A lot of modern life is like that. I just read of a fungus hybridised with killer funnel-web spider DNA that kills mosquitoes
Things that have no connection in nature usually it is a bad idea to splice. If you go to a wild bit of growth that’s been left awhile, what you might get is brambles, sputum, a lot of insects, birds that feed off them, sedge and stones and snails and worms. What connects the species is the predator-prey cycle, the build-up of humus (decayed matter), the strength and fertility of the wild patch.
Nothing can replace that strength; it builds-up over time and is intricate with nooks and crannies. The intricacy of strength provides homes for innumerable bugs and beasties; it’s a mixture of dirt and cleanliness.
Modern hygienic science tries to do without that cycle, and so loses the strength. Their hybridised forms are signs of weakness. They cover up their weakness with “scientifically pure indices”; scales and grades and numbers.
Grades of weakness, because strength is simply earth, air, water, plant, animal undivided and free. It’s the Africa that Laurens Van der Post speaks of (). So, the decrepit train ride with smells and beasts is a sort of metaphor for travel and adventure; where the physicality hits you and where the psyche is free.
It’s the other side of blood and the chase, where animals dose on the bough and idly eye eachother; where the Ark-like differences are raw and untamed. The utterly irrational crowded together is the spirit of freedom – physique and psyche. A journey through a dream. The dream of the universe. The psyche emanates from the unruly physique, and this harks back to Madame Blavatsky’s Theosophy.
Where things are unruly, the archaic bloodlust peaks beneath the surface and establishes a rapport with beasts. I happened to read an article on the unruly Bloomsbury sisters – Margery, Brynhild, Daphne and Noel Olivier.
“Usually rather serious and always noble in looks and manners and in attitude of mind, they could be as unthinkingly cruel as savages. Sometimes they were savages.”.. “ Shocking flirts, and their manners were disgraceful.”(DT)

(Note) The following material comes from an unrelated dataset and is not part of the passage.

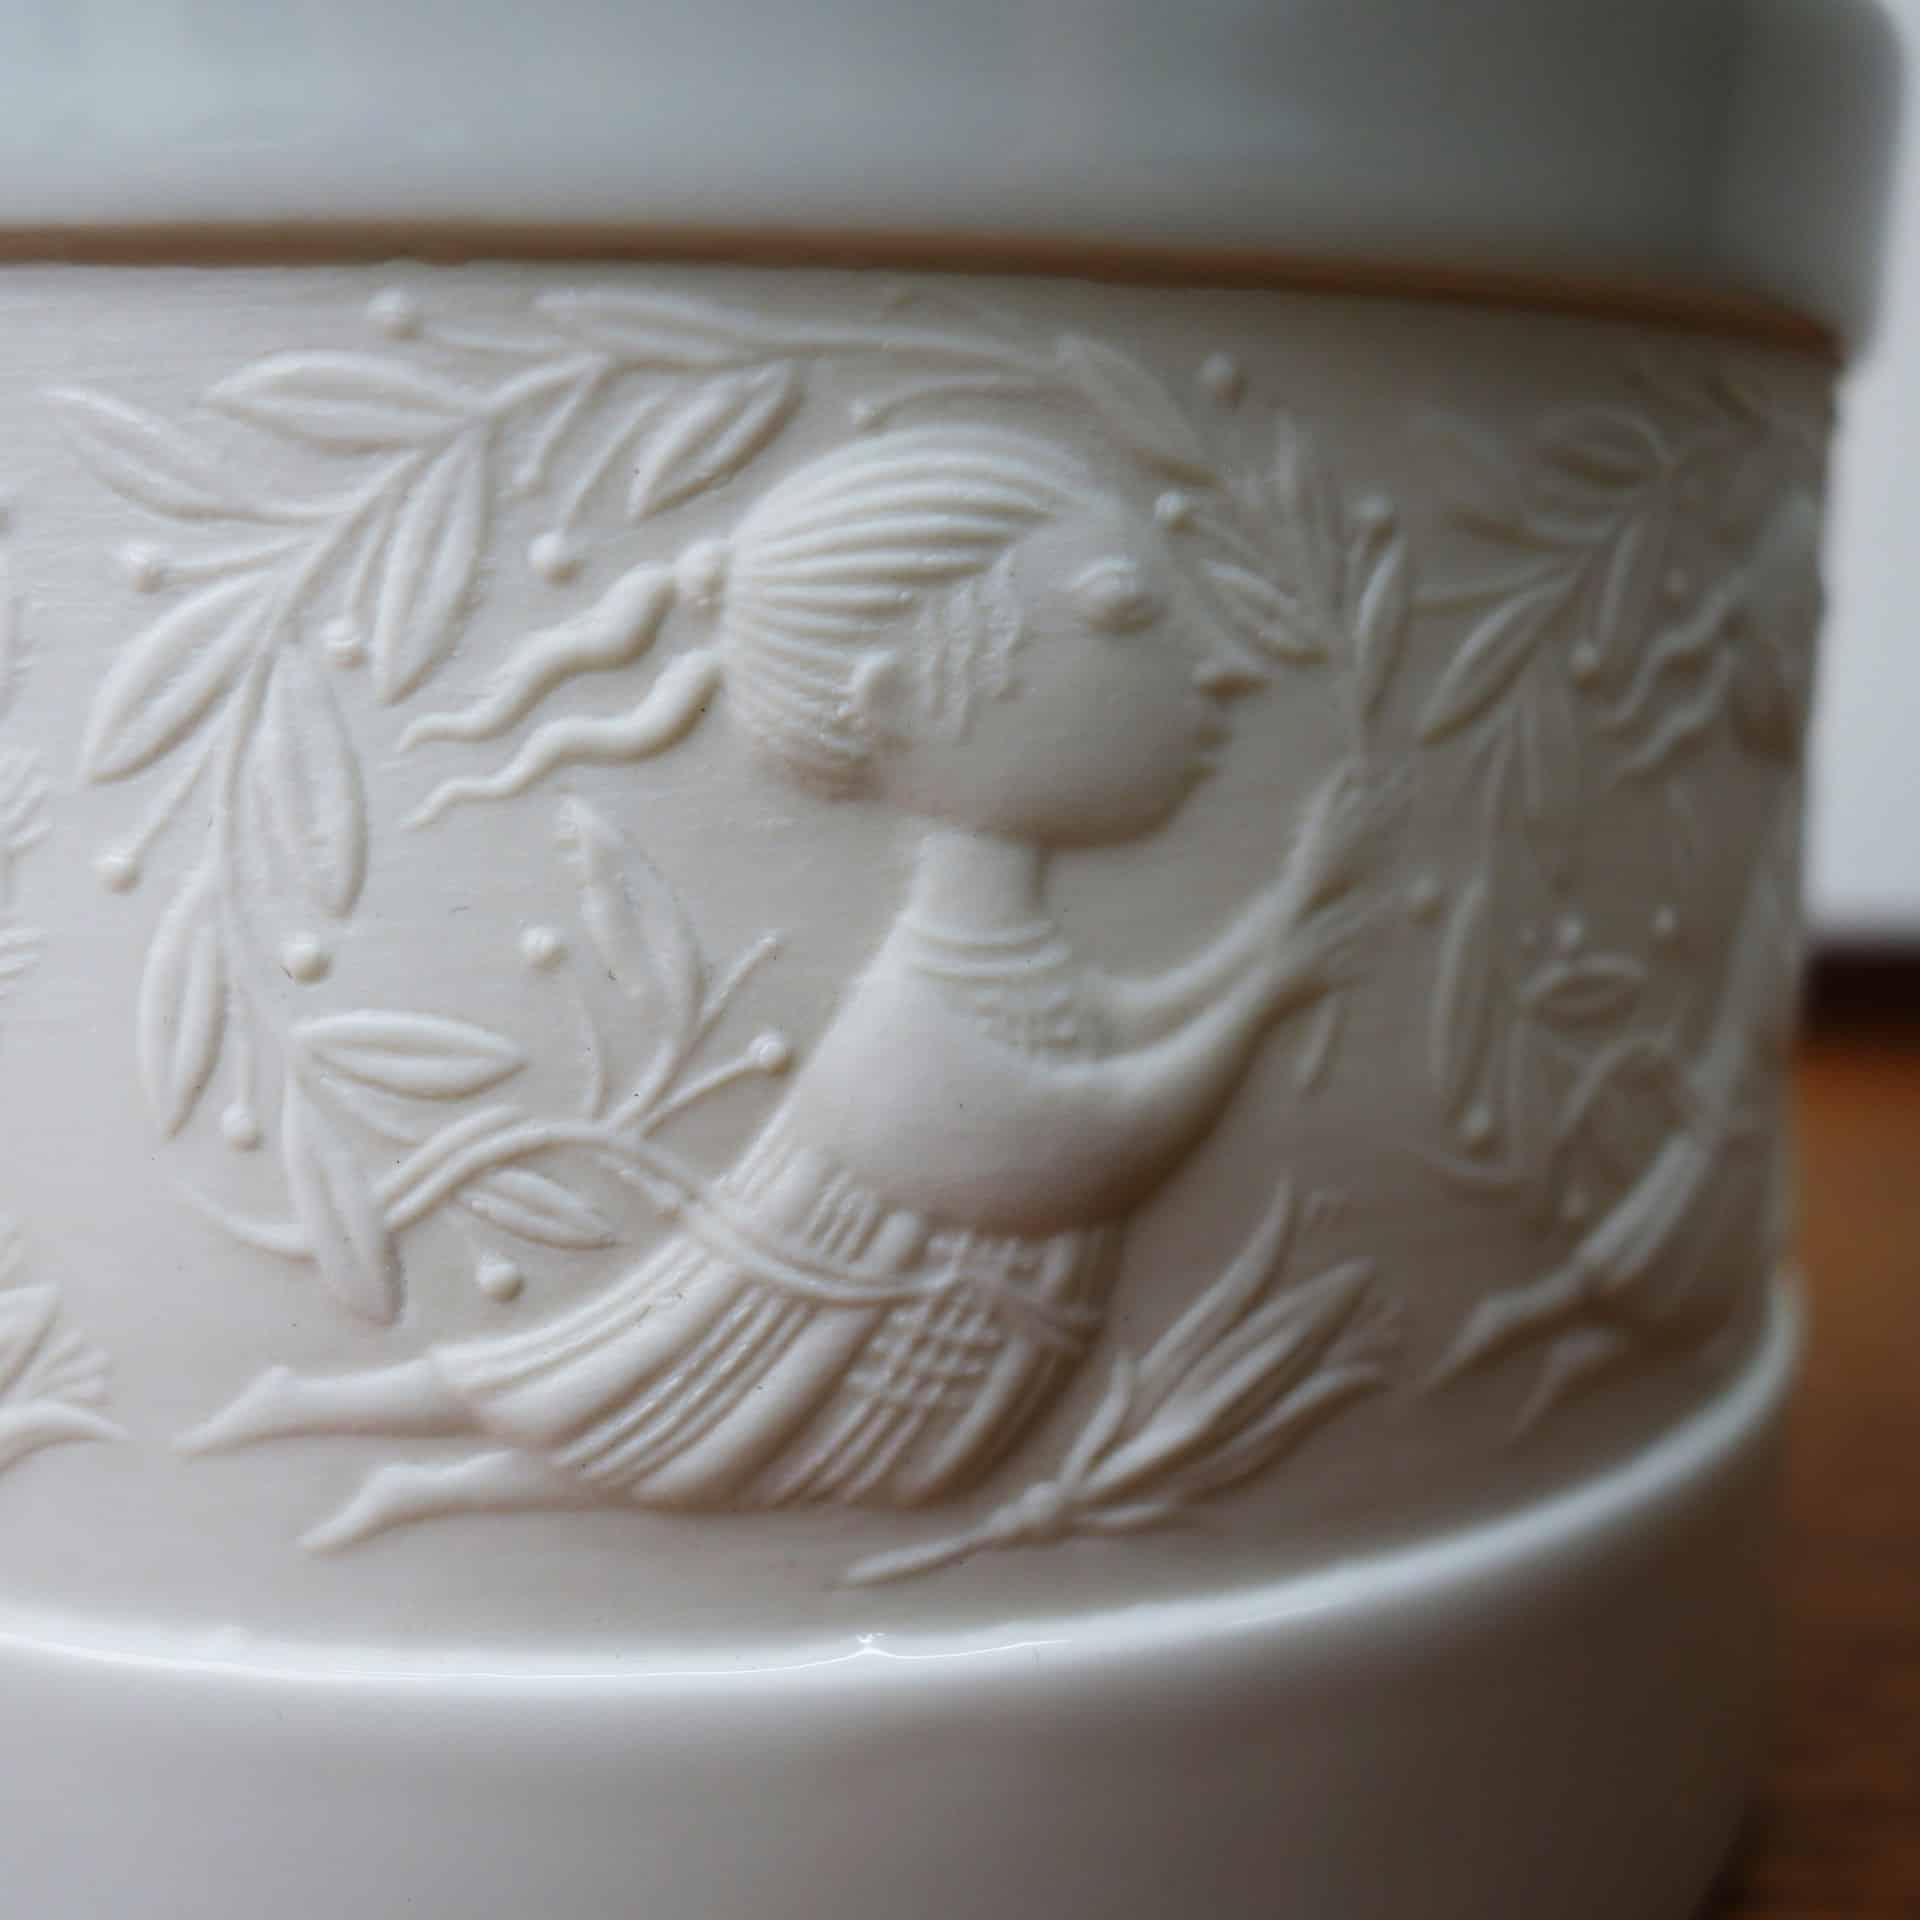 rosenthal studio line pot by bjorn wiinblad

Their beastliness was described by Noel
she and her sisters “can bear with all kinds of folk at first, extracting from them what is good until they are, as it were, boiled dry; whereupon we at last look at them critically and […] conceive for them a bitter contempt and ennui.” 
This is the medievalist world of psychic differences where we are ruled by planets and not by the scales and grades and numbers of “scientific indices”. The order of the sun, a mirage in the desert (of the wormdollar).
The pulp universe of Madame Blavatsky’s planets was taken-up by Talbot Mundy, and in 1975 BWS came out with The Book of Samothrace (Pictorial 50/1) I hazarded that the book was the flaming sun, but another way of viewing it is as a prophecy of solar expansion, one that produces mirror-images (reflections) in a perspective universe.
In the world of reflections there is no freedom, only order. Who are the free spirits of the modern world? There are some tramps in my neighbourhood who had a local feature written on their plight; they are the closest I can think of!

Diagnosed with schizoaffective disorder, she had been on an anti-psychotic medication for 15 years. When she was unable to get this from a GP after moving back to Folkestone around seven years ago, she said her symptoms increasingly affected her state of mind. She said: “All five of my senses, I get hallucinations, I hear voices, I get visual hallucinations, tactile hallucinations.”


For him, reading provides a temporary escape. “I want to go back to college,” he said. “I would love to do graphic design. “Michaela is brilliant at drawing but she has learning difficulties, so you get people looking down on her.”